The sides of a triangle are three consecutive natural number and its largest angle is twice the smallest one.

Let, the sides of the triangle be $a,b,c$, then $a+b+c=$

Answer 1

Let the sides of the triangle be $n,n+1,n+2$, if $A,B,C$ are the angles of the triangle where $A<B<C$

then $C=2A$ and $B=180-A-2A\Rightarrow B=80-3a$.

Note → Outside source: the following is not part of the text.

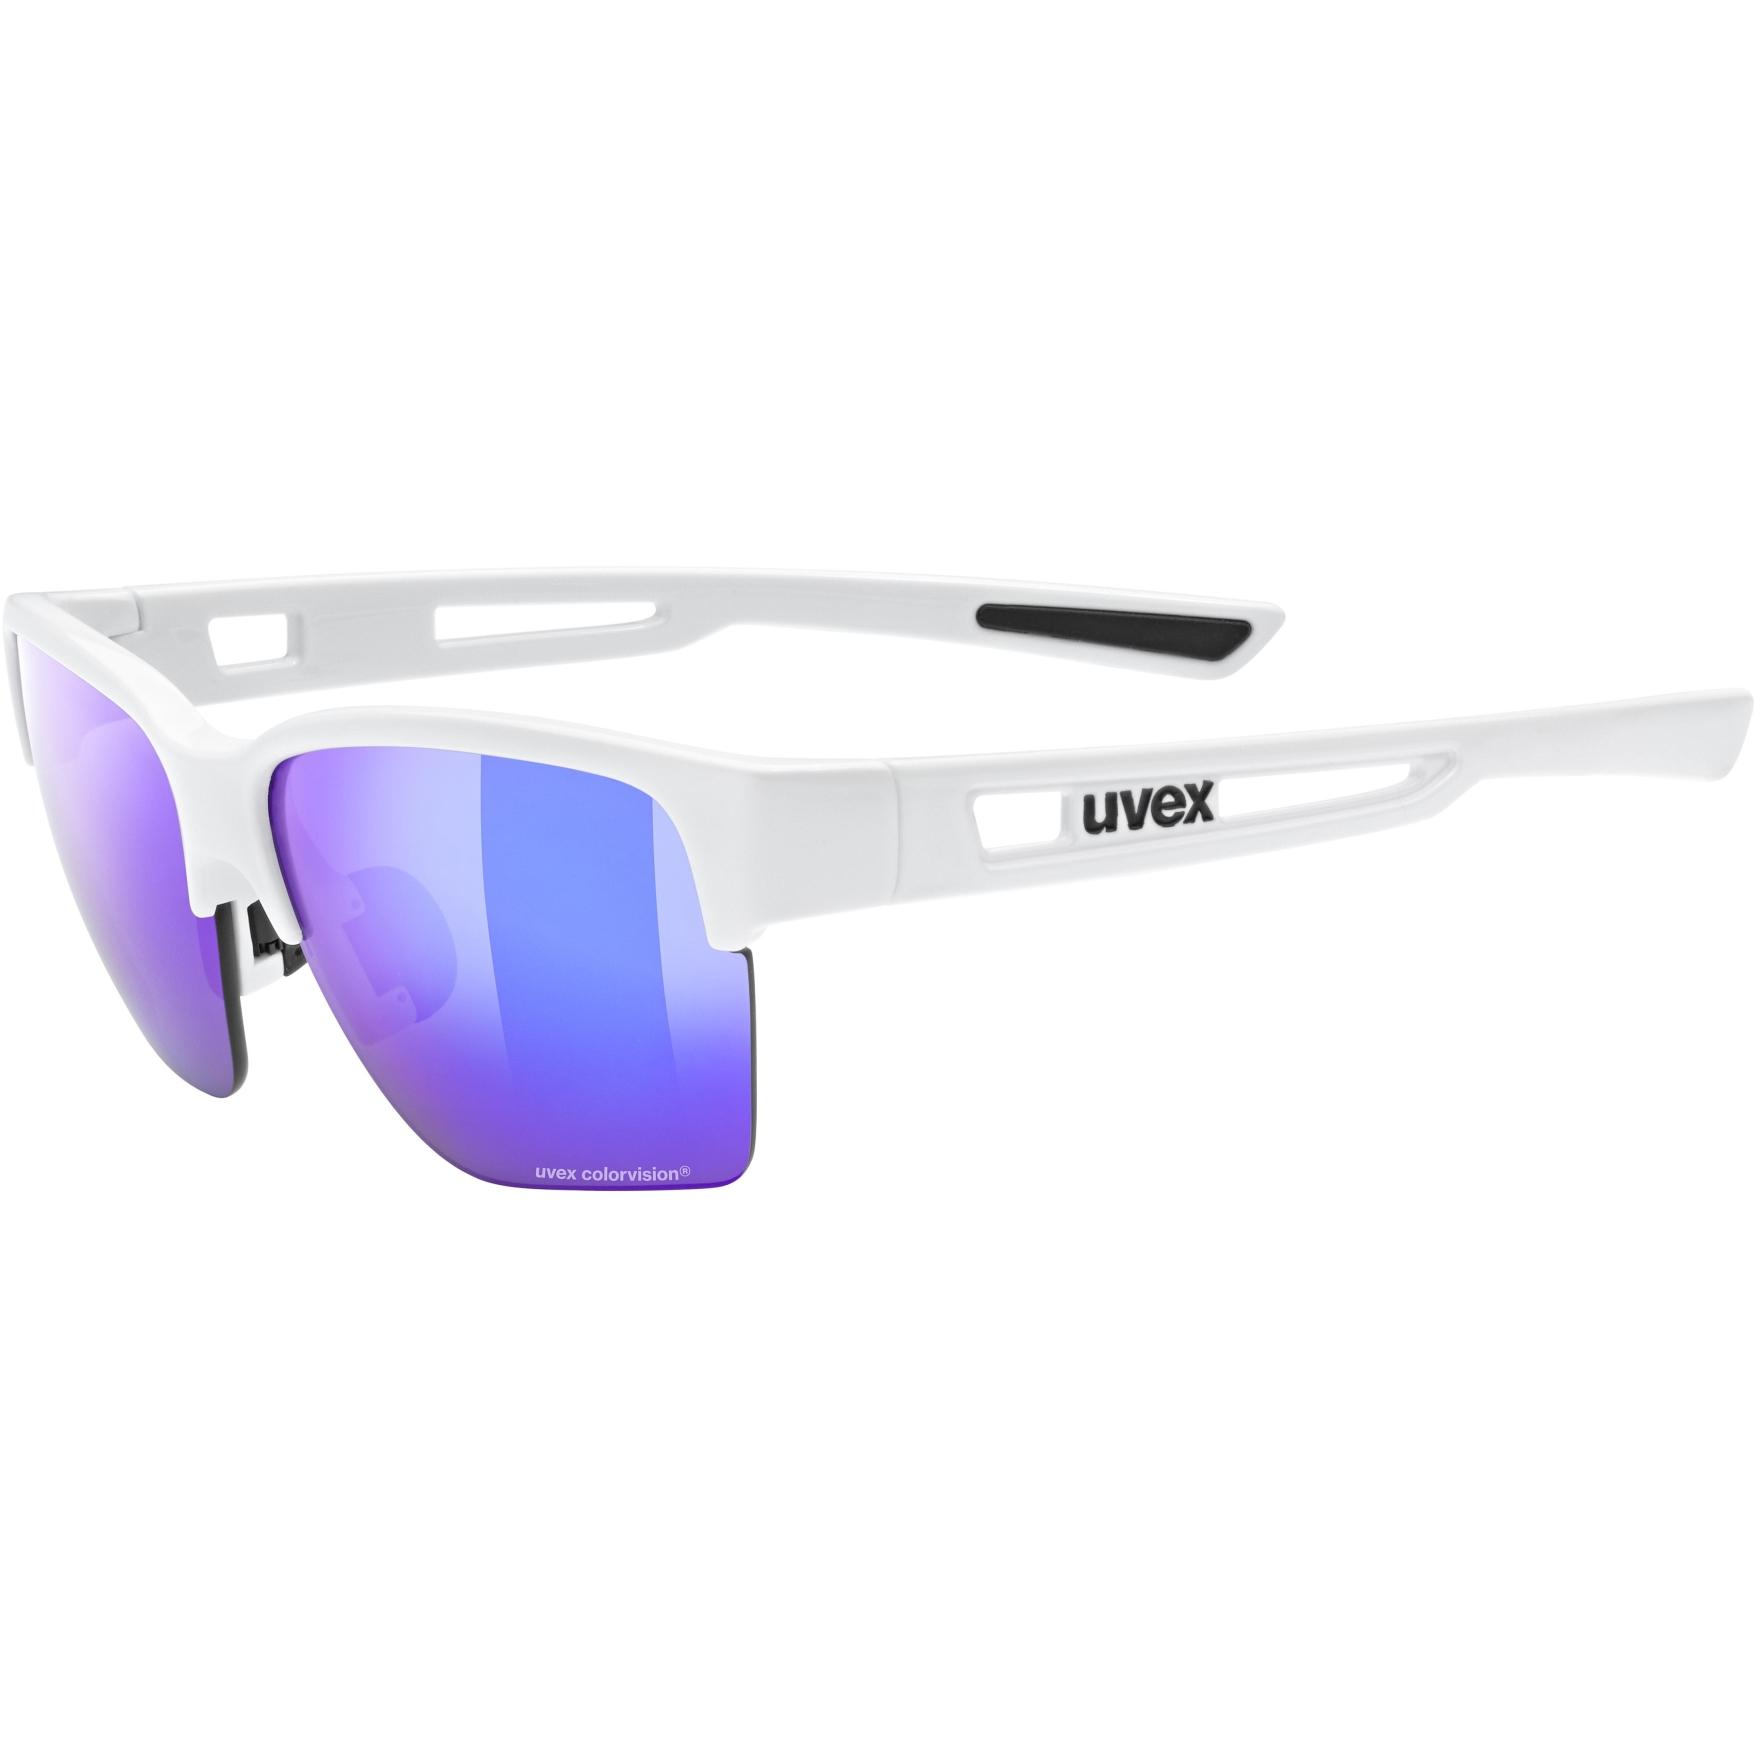 Uvex sportstyle 805 CV Glasses - white/colorvision mirror plasma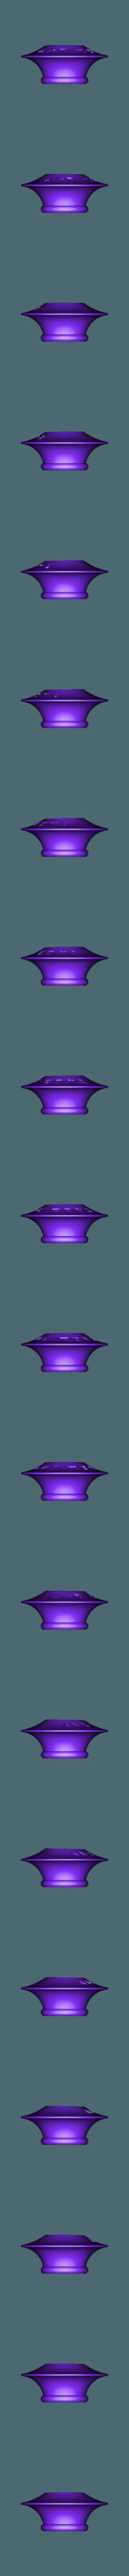 stand.stl Download free STL file Klingon Bat'leth trophy • 3D printer template, poblocki1982

Thus, by the sine rule, we have

$\Rightarrow \frac{n}{\sin A}=\frac{n+1}{\sin 3A}=\frac{n+2}{\sin 2A}$

Considering $\frac{n}{\sin A}=\frac{n+2}{\sin 2A}$

$\Rightarrow \frac{sin2A}{\sin A}=\frac{n+2}{n}$

$\Rightarrow \frac{2sinAcosA}{\sin A}=\frac{n+2}{n}$

$\Rightarrow 2\cos A=\frac{n+2}{n}$

Squaring both sides. We get,

$\Rightarrow {\cos }^{2}A={\left(\frac{n+2}{2n}\right)}^2\dots \left(1\right)$

Now considering, $\frac{n}{\sin A}=\frac{n+1}{\sin 3A}$

$\Rightarrow \frac{sin3A}{\sin A}=\frac{n+1}{n}$

$\Rightarrow \frac{3\sin A-4{\sin }^{3}A}{\sin A}=\frac{n+1}{n}$

$3-4{\sin }^{2}A=\frac{n+1}{n}$

$\Rightarrow 3-4[1-{\left(\frac{n+2}{2n}\right)}^2]=\frac{n+1}{n}\dots \left(from\right(1\left)\right)$

$\Rightarrow 3-\frac{n+1}{n}=4[1-{\left(\frac{n+2}{2n}\right)}^2]$

$\Rightarrow \frac{2n-1}{n}=4\left[\frac{4n^2-{(n+2)}^2}{4n^2}\right]$

$\Rightarrow n(2n-1)=3n^2-4n-4\Rightarrow n^2-3n-4=0$

$\Rightarrow (n-4)(n+1)=0\Rightarrow n=4$ an $n$ is a natural number

Thus, sides of the triangle are $4,4+1,4+2\Rightarrow 4,5,6$

$\therefore a=4,b=5,c=6$

Thus, $a+b+c=15$